§ **Work required**
Please copy the data exactly as it stands, minus the images.

§ **Provided material**
##########
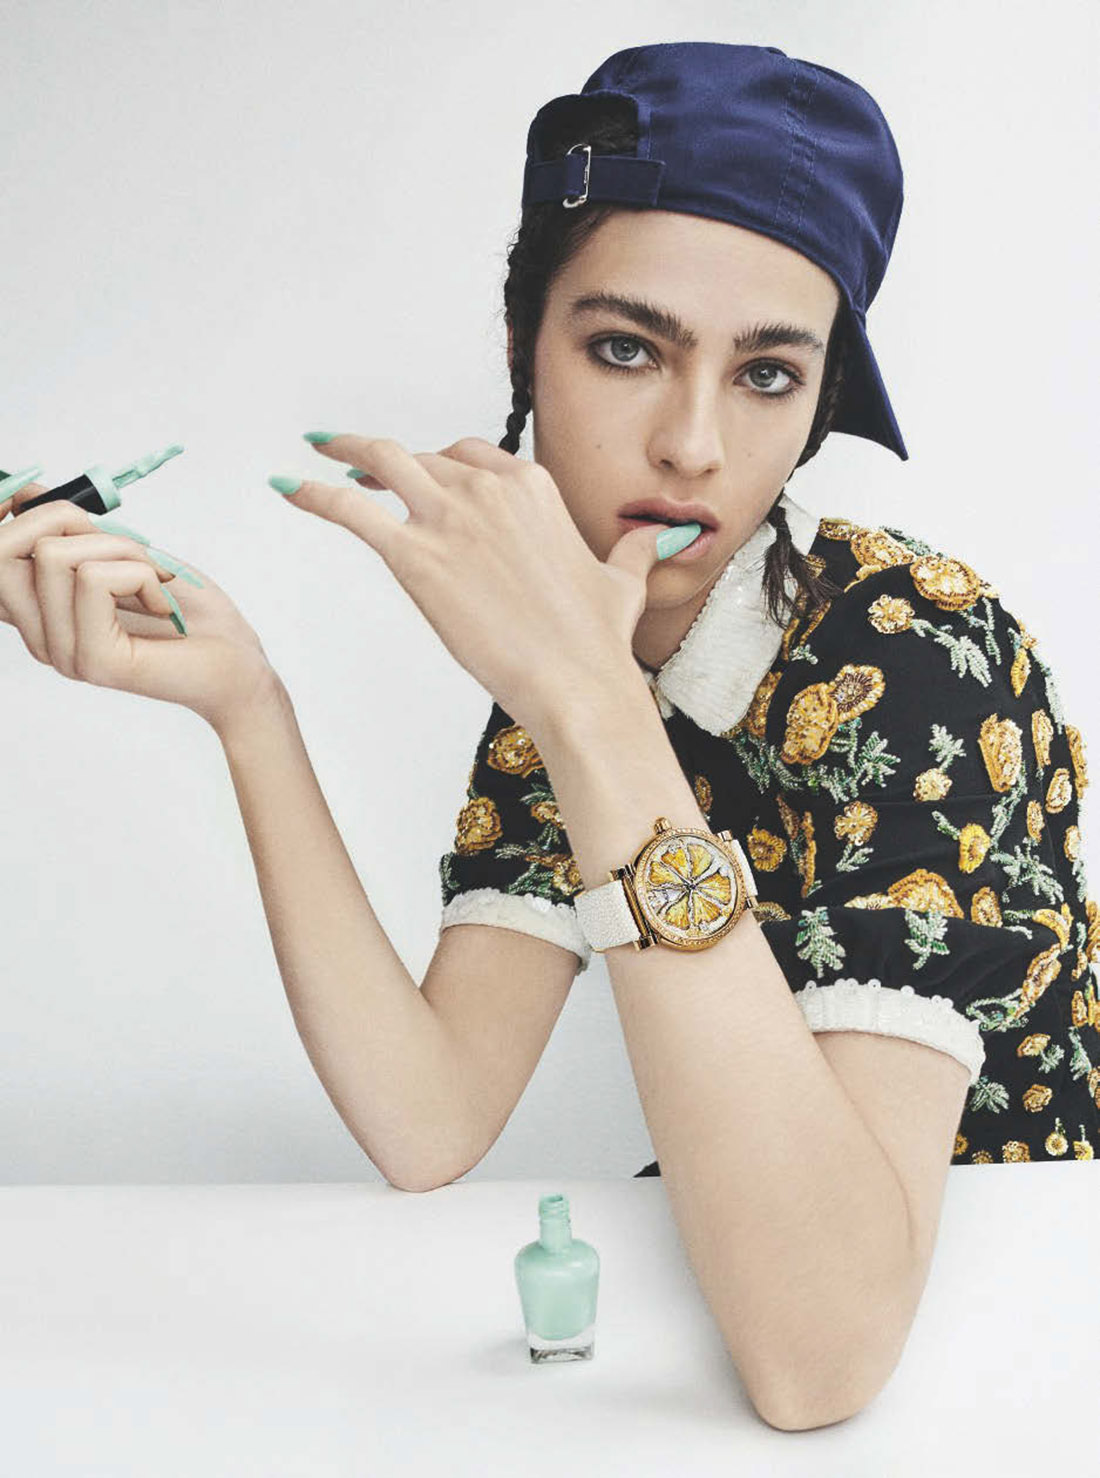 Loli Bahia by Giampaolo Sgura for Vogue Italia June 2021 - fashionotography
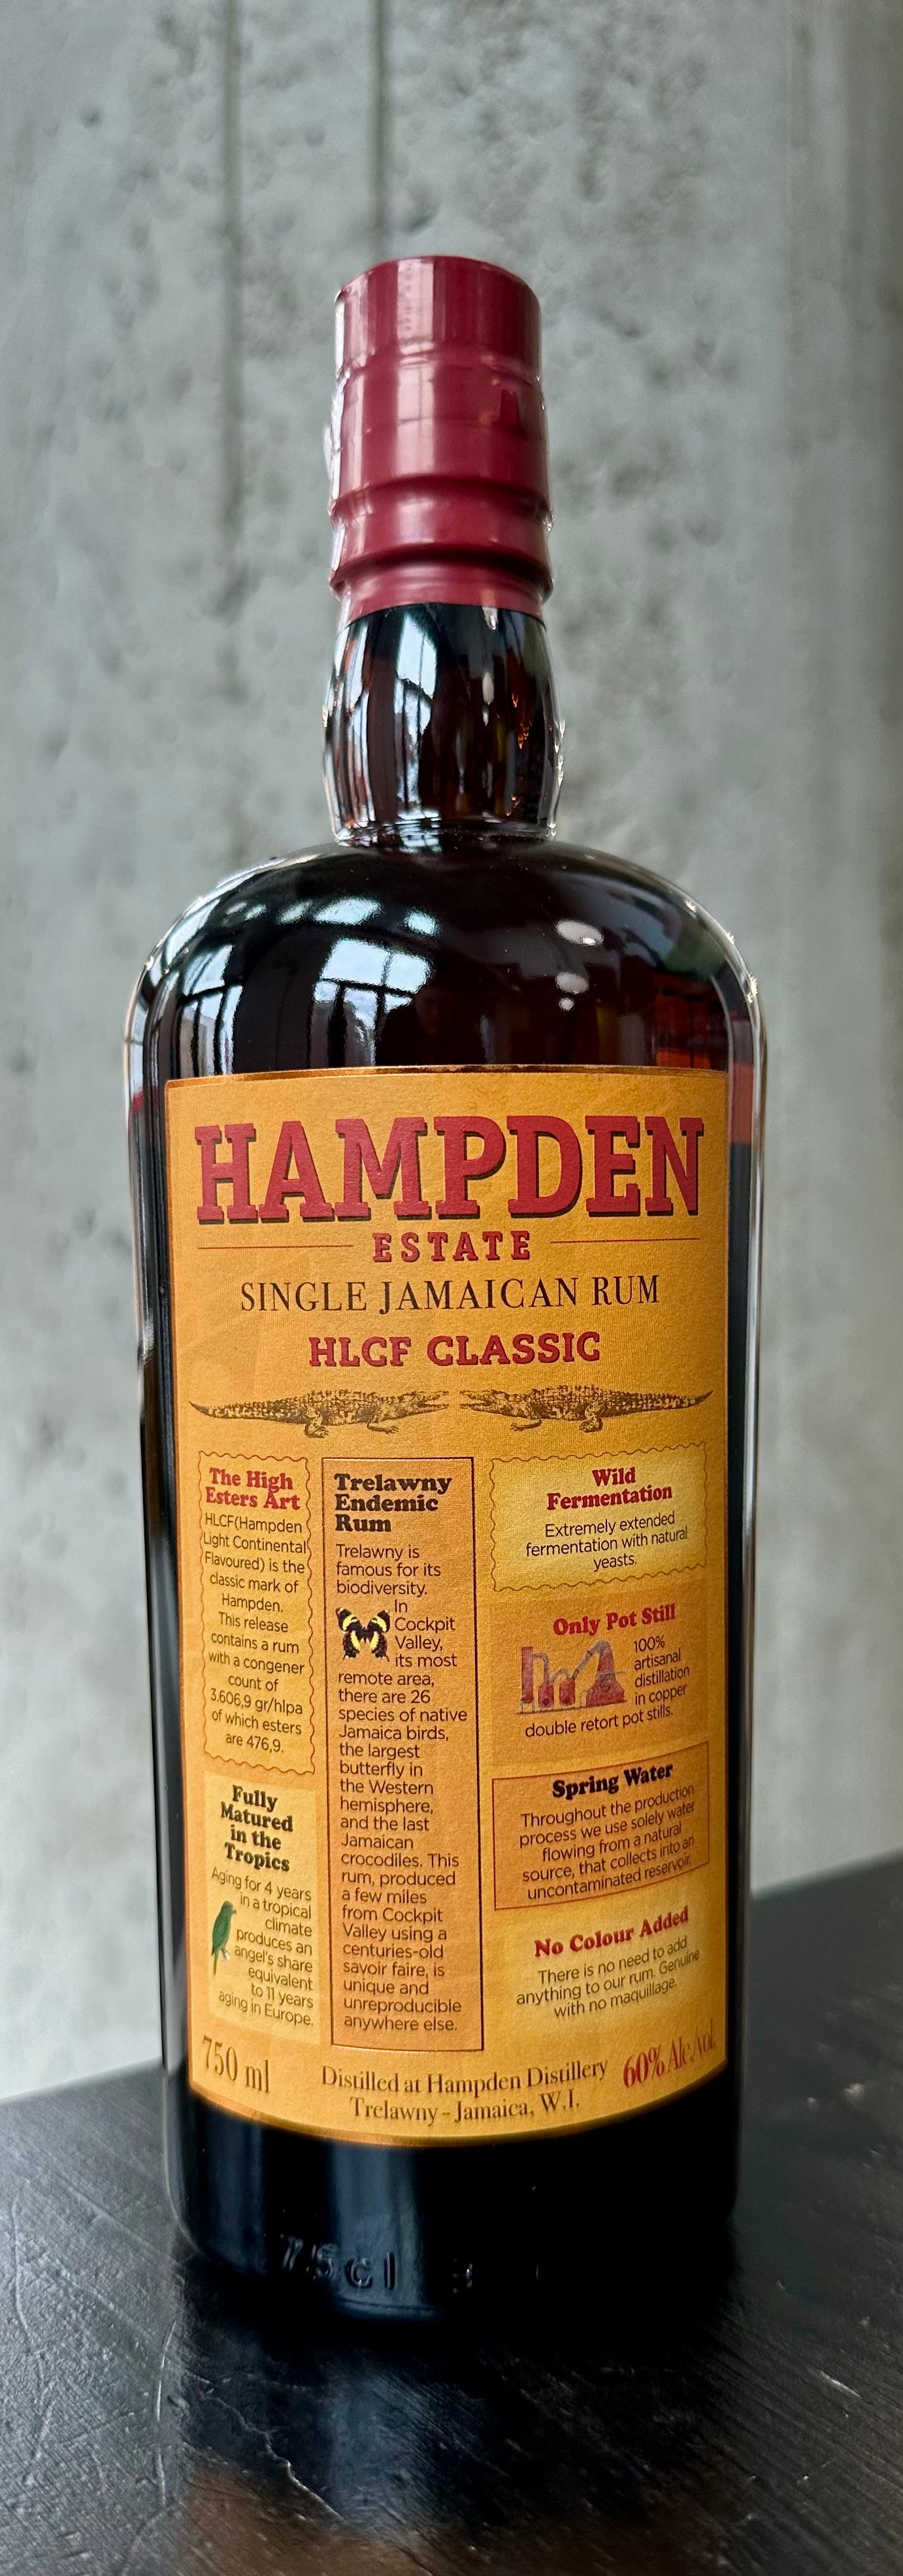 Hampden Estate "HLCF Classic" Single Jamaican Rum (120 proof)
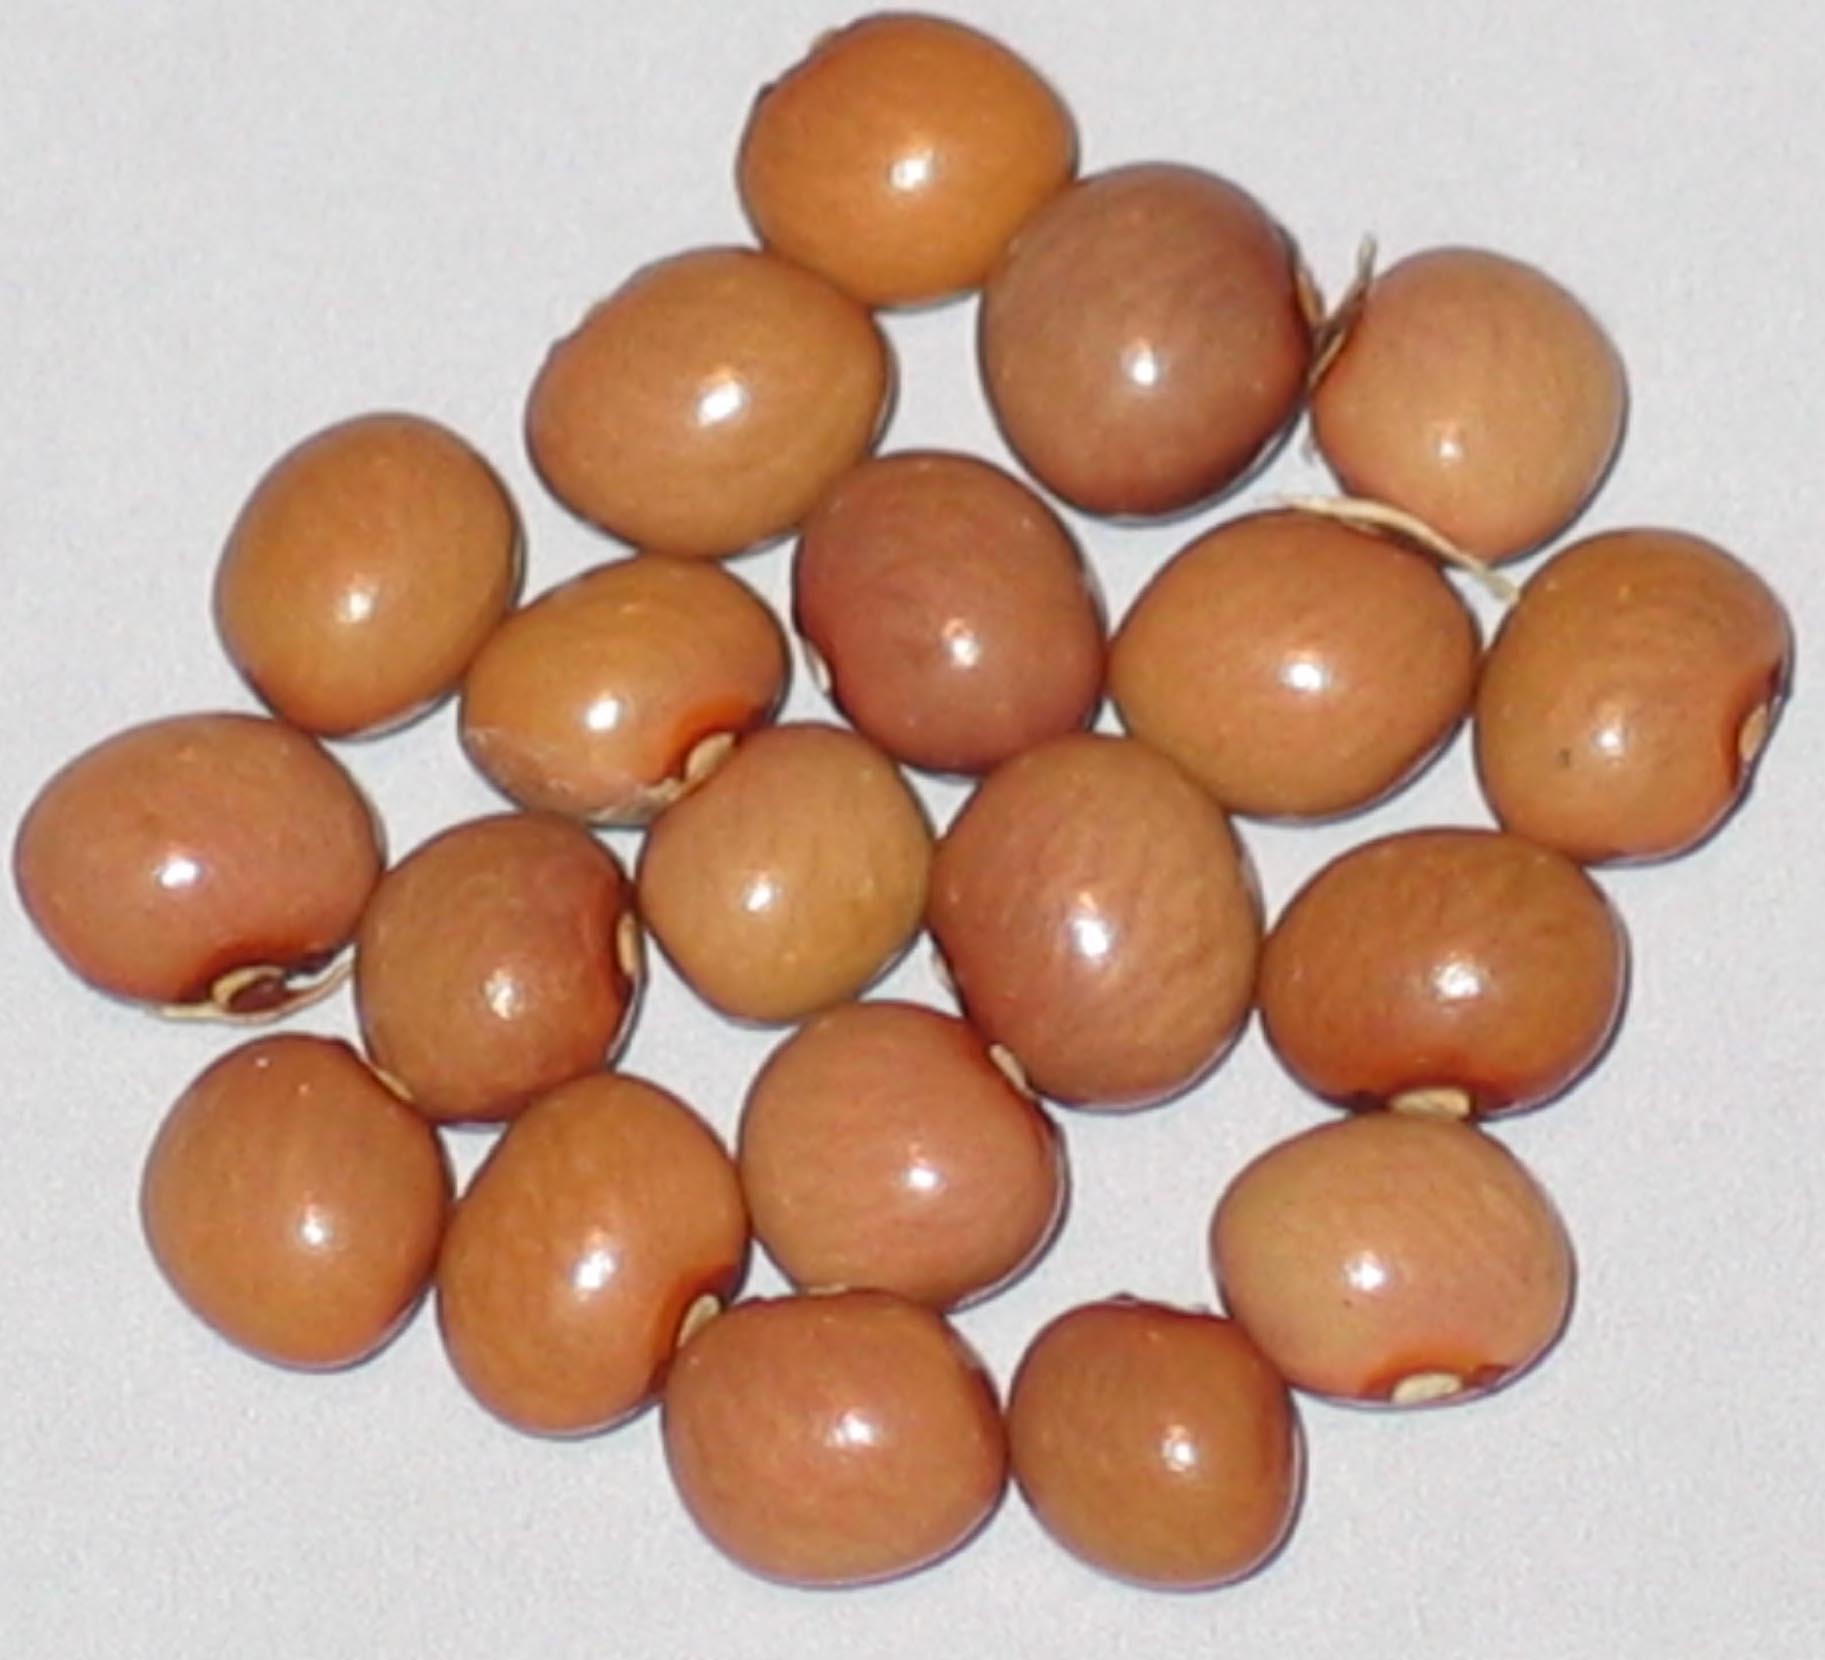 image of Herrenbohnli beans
##########
§ **Exercise output**
 Loli Bahia by Giampaolo Sgura for Vogue Italia June 2021 - fashionotography
 Hampden Estate "HLCF Classic" Single Jamaican Rum (120 proof)
 image of Herrenbohnli beans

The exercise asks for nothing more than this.